But one thing Yankees are slow to adjust to is
learning the code for the “Southern No.” It took me years to even recognize
that such a thing exists. Trust me, it does. Southerners loathe saying no to
anyone. It just feels wrong. I’ve learned that a Southerner will go to great
lengths to avoid saying no to a business or social proposition.
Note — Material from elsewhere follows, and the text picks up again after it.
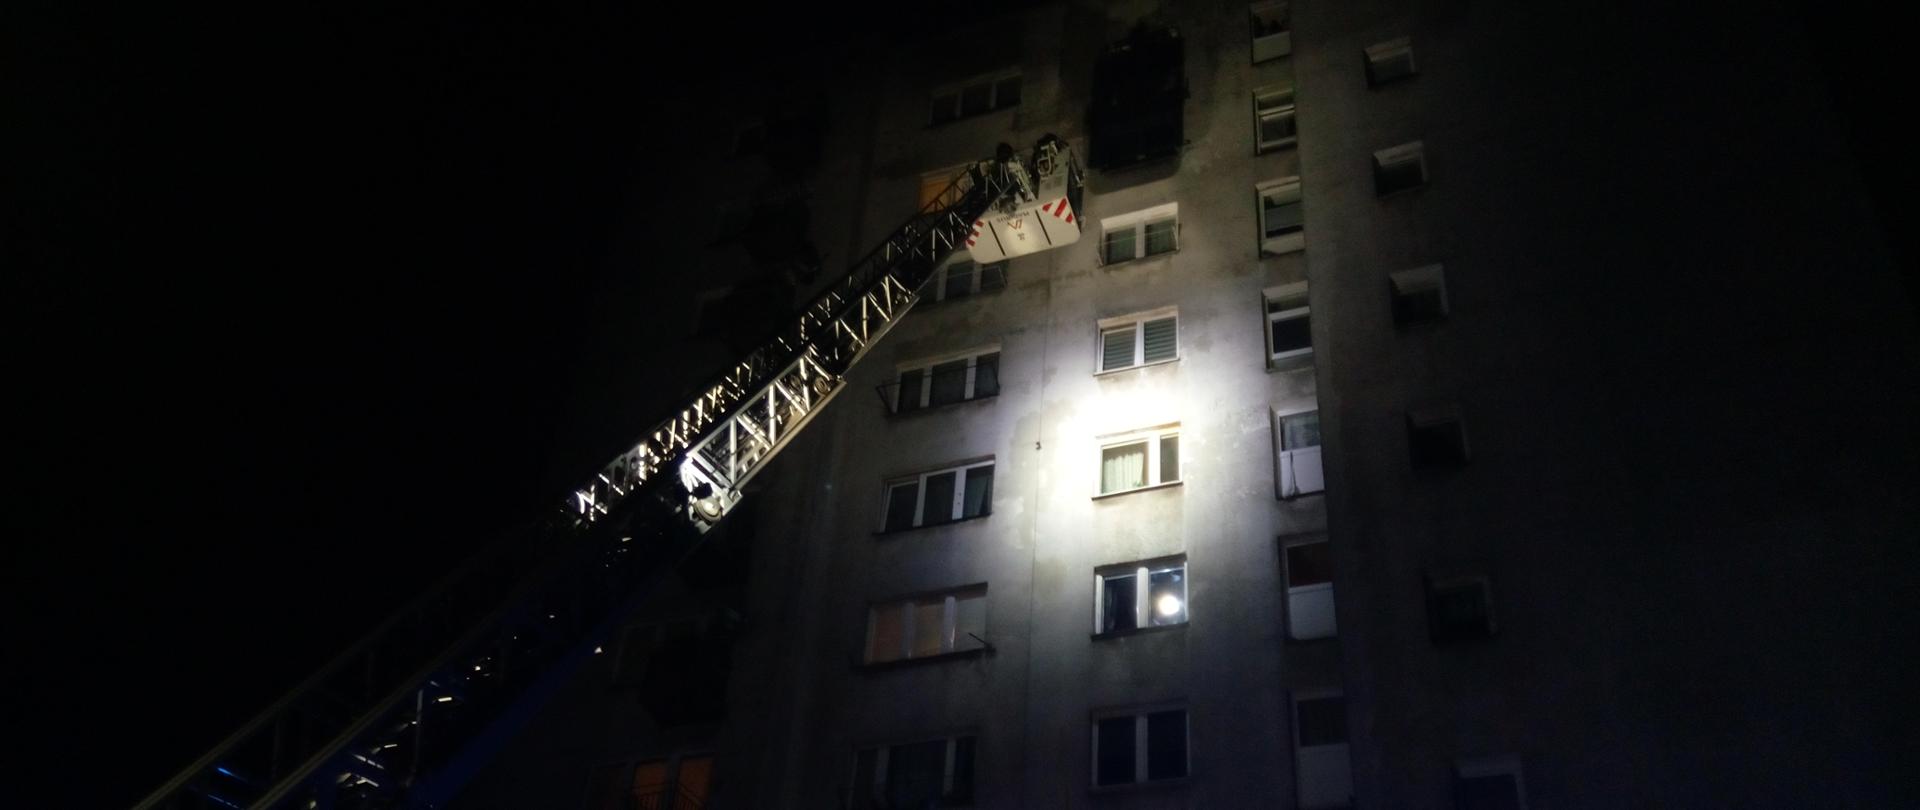 Zdjęcie przedstawia rozstawioną drabinę mechaniczną z koszem pod oknem na 9 piętrze wieżowca. Jest ciemno. Wieżowiec jest oświetlony. Nie widać ognia ani dymu.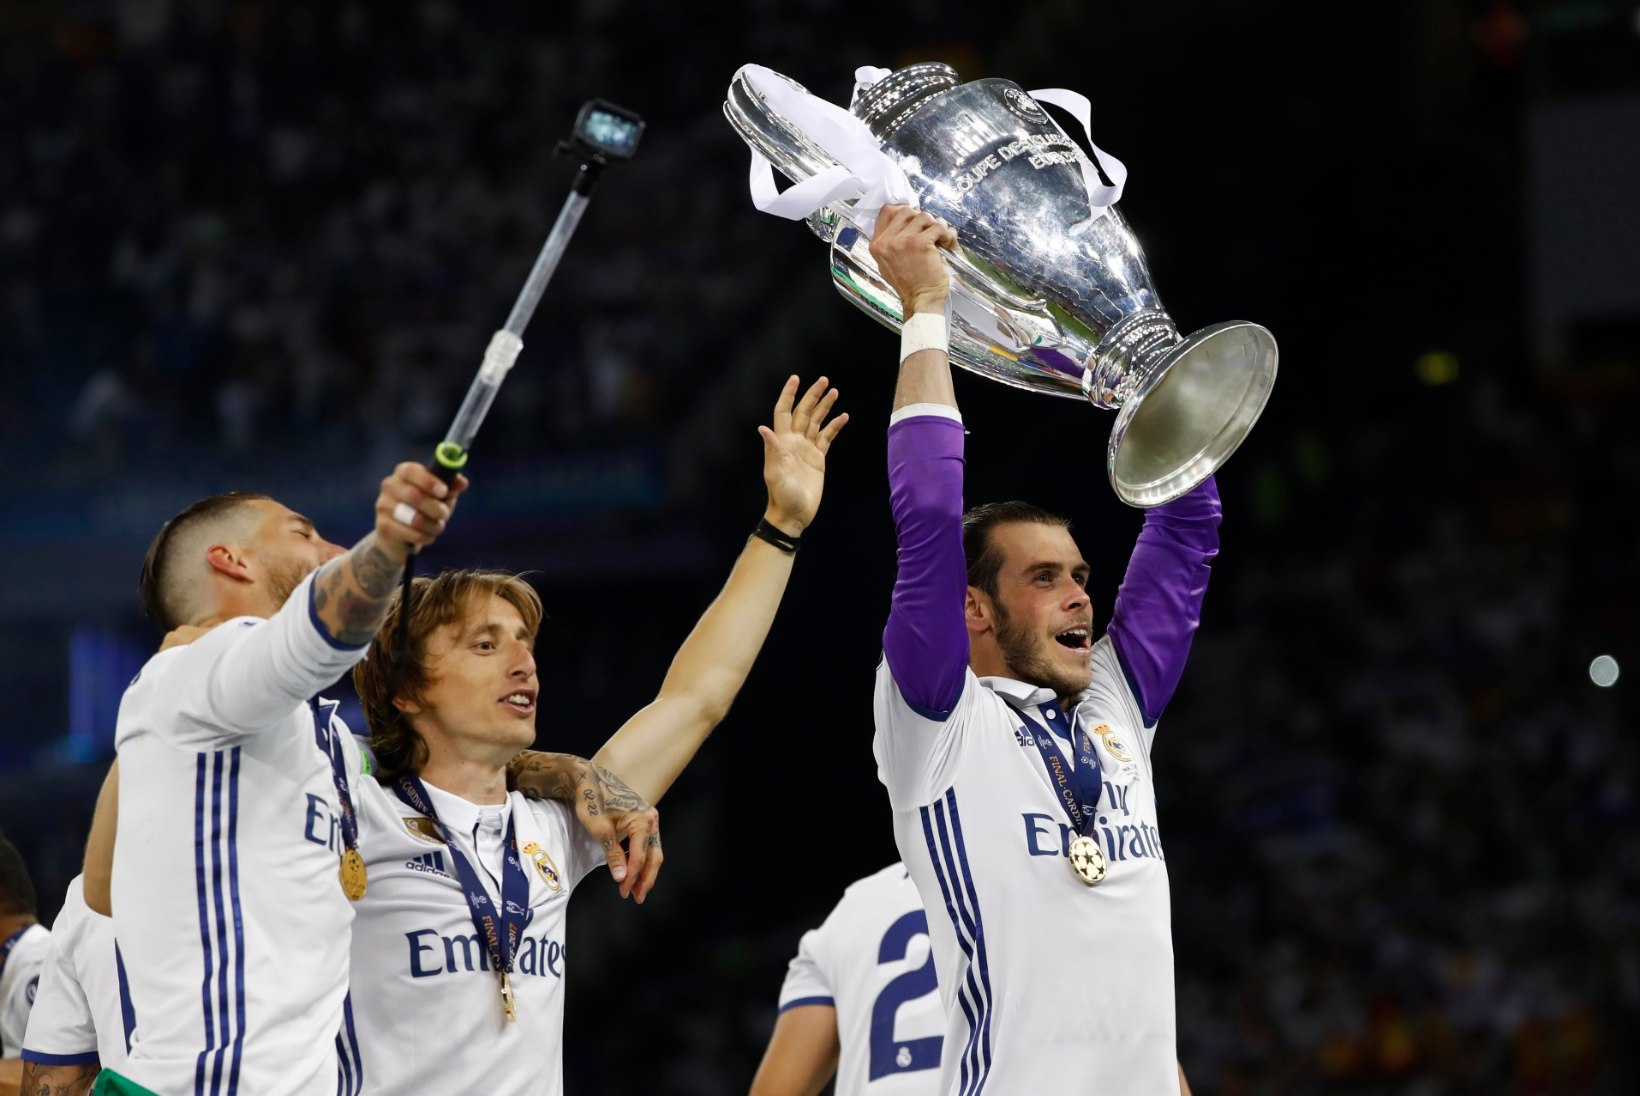 "Viva Gareth Bale!" – Walesi rahva pidu Madridi Reali võtmes

That doesn’t mean they say yes to everything,
though. Not by a long shot. You know a Southerner has said no to you when they
don’t get back to you. Yes, they will promise to do so. They will even be
encouraging as they make their promises. What they won’t do is actually tell
you, sorry, no. I’m not interested. They don’t want to hurt your feelings,
another admirable Southern trait. For Northerners schooled in the art of blunt refusals,
like “Get lost,” “Get real” and “Get outta here,” the Southern No can be
frustrating to put it mildly. Up North, it doesn’t feel impolite to say no when
you’re not interested. It saves time.
Truth be told, not many of us suffer nervous breakdowns when we are told
no. We simply move on.
Living in the Nashville area, there have been
occasions when Southerners have silently refused me. For the longest time I
assumed (in stages) that some people here are very busy, or maybe just lazy. I
wondered too if it might be possible that a few of them are not gentleman or ladies
in the Margaret Mitchell tradition.
I finally broke the code, accidentally I’m sure,
when I pitched the editor of an online newspaper on the idea of doing book
reviews by local authors. I got the full treatment. He said he liked the idea.
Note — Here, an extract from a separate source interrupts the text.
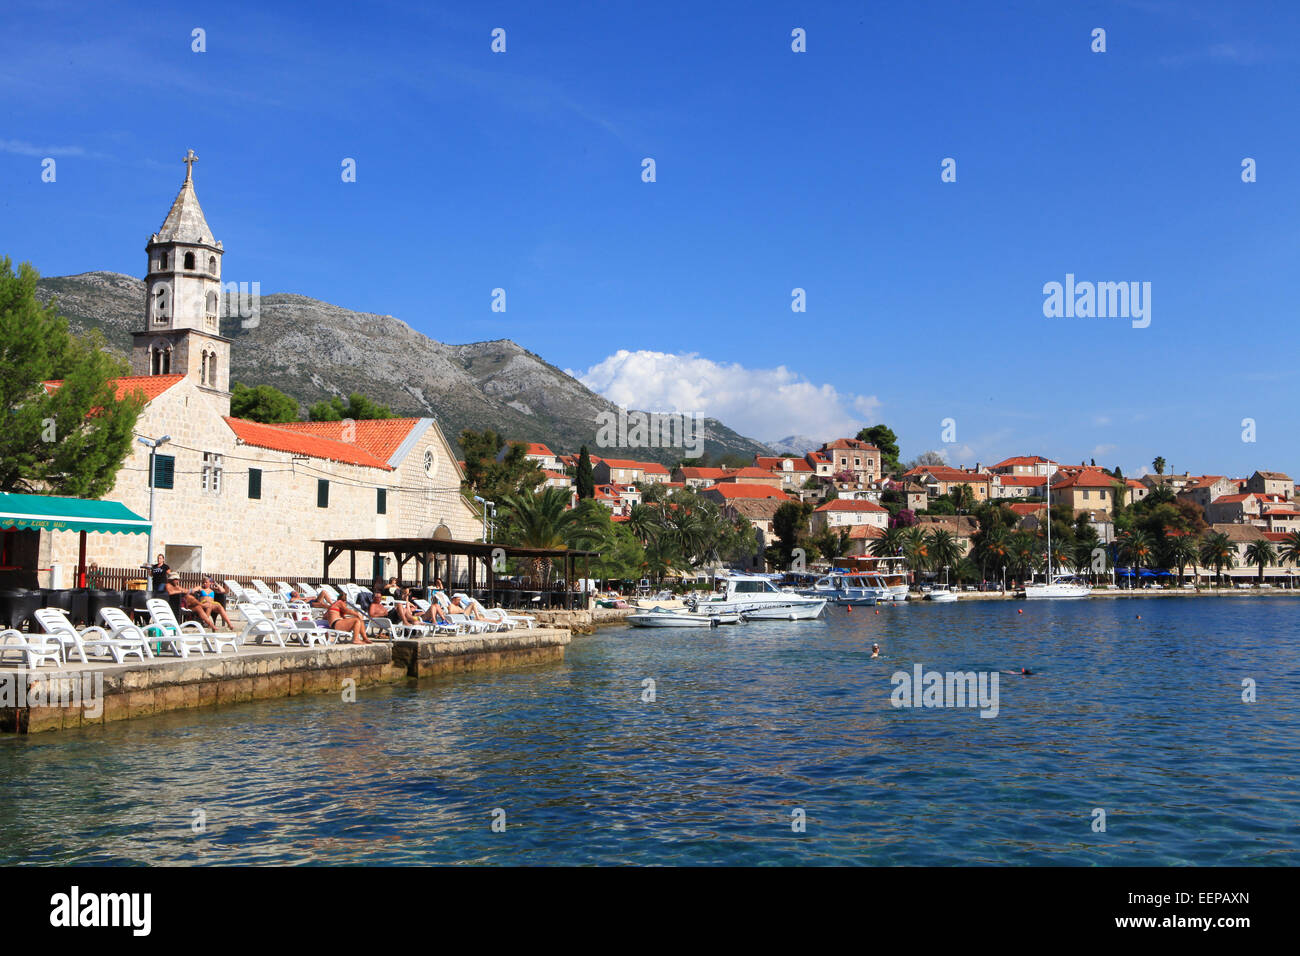 Cavtat, Croatie port, avec des bateaux dans le port et les yachts sur la mer Adreatic ; Europe centrale et de la Méditerranée. Banque D'Images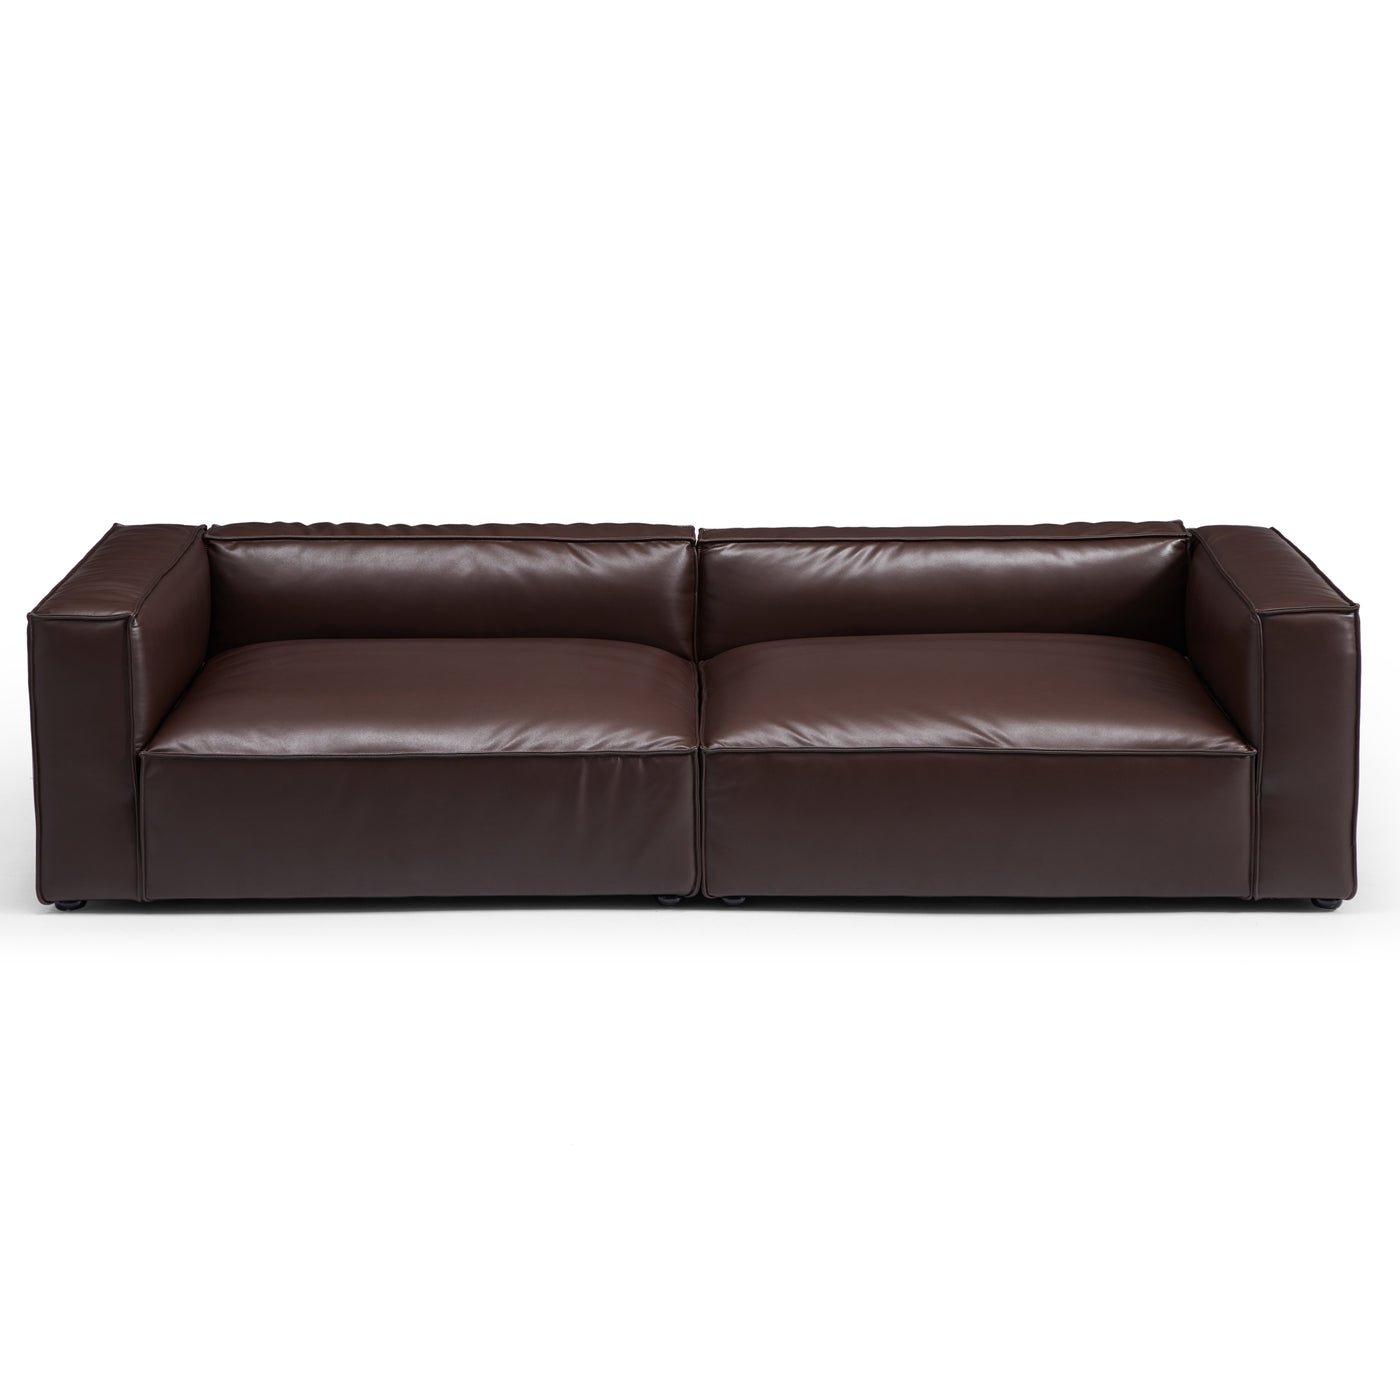 Luxury Minimalist Dark Brown Leather Daybed Sofa-Dark Brown

He asked me to send him some writing samples. Naturally, I was excited. I
complied eagerly with his request. Nothing happened. I called him. He was
friendly, apologetic even. He’d been very busy, but he assured me he would
review my proposal that very afternoon, over the weekend at the latest!
Again, nothing happened. Was he kidnapped? Perhaps
there was a car accident? Maybe he got a sudden itch to travel and took off for
Thailand. Maybe the idea isn’t that good, or my writing, perish the thought,
isn’t strong enough. Could that be it? I
wonder if he was concerned that a guy like me would be crushed by the bad news,
even if it was a short and sweet, “sorry, not for us.”
I am sure this custom works well for the
natives. They learn it early in life. That’s just how it’s done here and I see
no reason to change it. Being direct is being aggressive, and unpleasant. But
it is hard on transplants. We like closure. We thrive on it. Getting a Southern
No means never knowing for sure; it means checking for emails long after your
idea’s expiration date.
I suppose I should have learned the code sooner.
After all, I’ve lived in the South for 21 years now. But Southerners tend to
keep some traditions to themselves, like a good barbecue recipe. So then, if
you’re new to the South, allow me to jumpstart your education. No means never
having to say so.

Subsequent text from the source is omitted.